LOS ANGELES - California school districts will remain financially vulnerable, despite some recent improvements in state funding, according to Fitch Ratings.

In a nine-page report released Monday, analysts said that recent positive trends are expected to result in stabilization in the near-to-medium term, but significant cost pressures could cause downward ratings pressure on the school district sector in the longer term.

“Fitch views California school districts’ credit quality as confronting considerable pent-up cost pressures after years of service reductions, wage stagnation, and substantial pension underfunding,” analysts wrote. “These pressures in some cases could neutralize or overwhelm recent state funding improvements and potential out-year gains.”

In recent years, school districts faced reductions in state funding, funding deferrals, mid-year trigger cuts, and rising pension liabilities.

Since funding reductions began in fiscal 2010, Fitch has downgraded the ratings on 21 California school districts out of the 90 it rates. Four were upgraded.

After the state education formula funding hit its recessionary bottom in fiscal 2012, it began to grow due to state revenue growth and the passage of voter-approved state tax increases that prevented a mid-year trigger funding cut.

“Although the funding growth has improved districts’ liquidity and reduced immediate budgetary pressure, much of the growth has been absorbed by one-time expenditures and the voted sales and personal income tax rate hikes will sunset in fiscal years 2017 and 2019, respectively,” analysts said.

Some school districts will be negatively affected by the state’s overhaul of school funding through the new local control funding formula, or LCFF, that changes the distribution of funding but not the size.
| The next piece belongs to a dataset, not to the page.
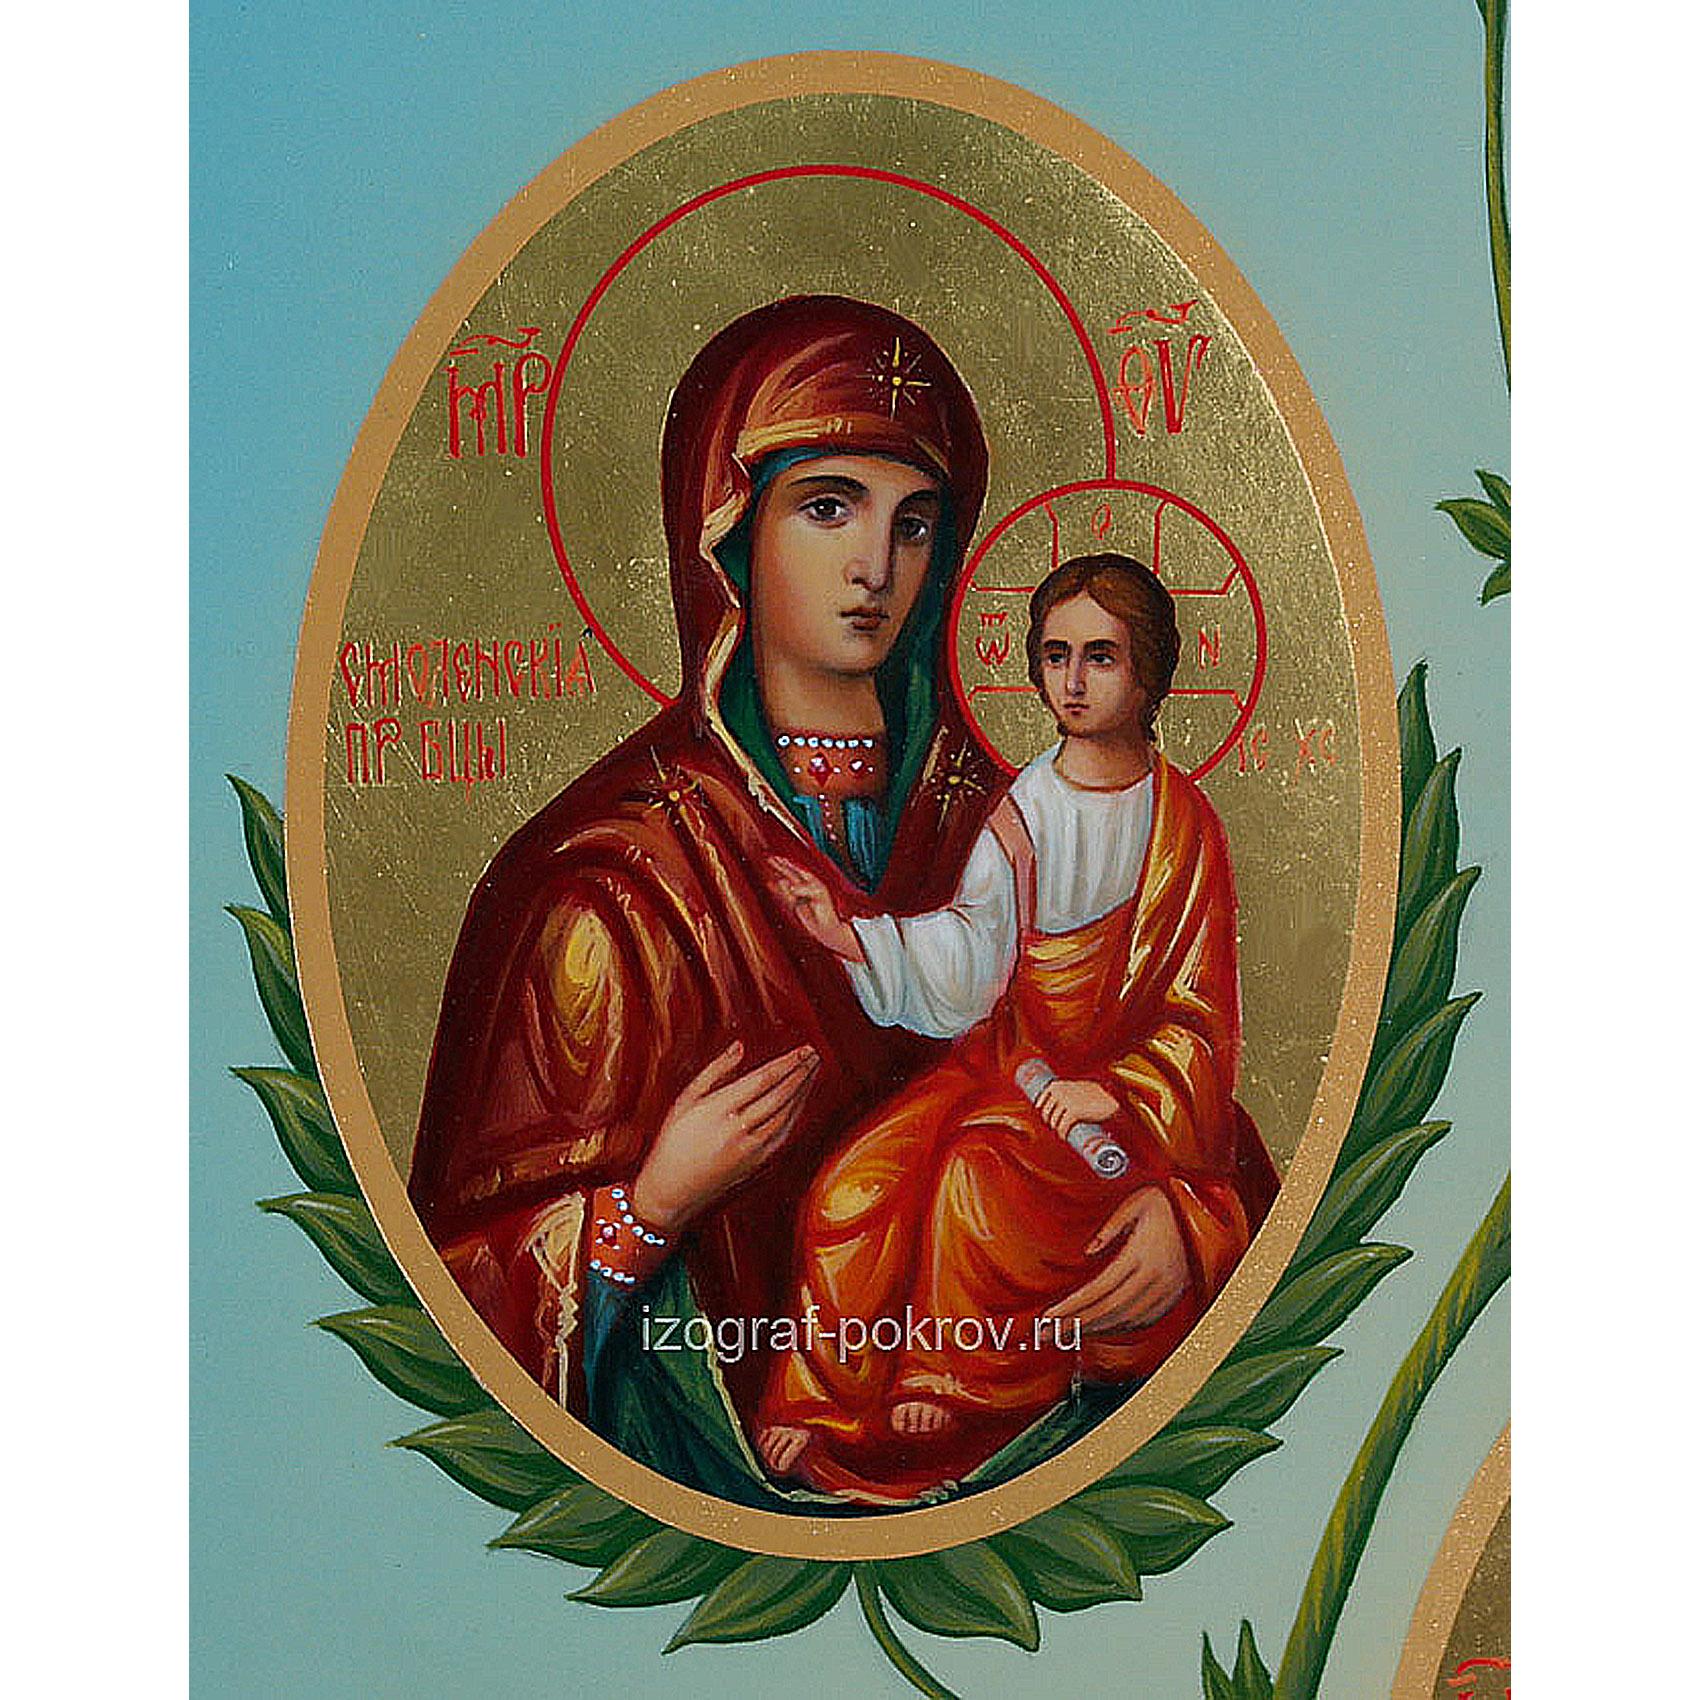 Икона Богородица Смоленская (фрагмент с иконы Горний Иерусалим) чем помогает значение

It requires that substantial portions of new growth dollars be spent on targeted low-income students, English learners, and foster youths.

“Overall, Fitch views LCFF as mixed for credit quality, with positive to negative effects varying by school district,” analysts said.
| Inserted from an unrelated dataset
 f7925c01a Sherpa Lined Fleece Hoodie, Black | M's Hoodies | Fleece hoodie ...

Through fiscal 2021, the state assumes moderate to significant Proposition 98 funding growth, including a $6.4 billion gain in fiscal 2015. Prop. 98 requires a minimum percentage of the state budget to be spent on K-12 education.
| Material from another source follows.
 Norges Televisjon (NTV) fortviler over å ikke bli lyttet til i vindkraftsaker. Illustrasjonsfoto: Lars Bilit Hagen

The state legislative analyst’s office projects even higher state revenue levels through at least fiscal 2018.

Fitch, however, is taking a more cautious approach given revenue and expenditure concerns, including aggressive economic expansion projections, state revenue volatility, and the coming sunsets of the Prop. 30 tax hikes.

Other revenue and expenditure concerns include a likely California State Teacher’s Retirement System contribution hike, California Public Employees’ Retirement System rate increases, and wage hikes.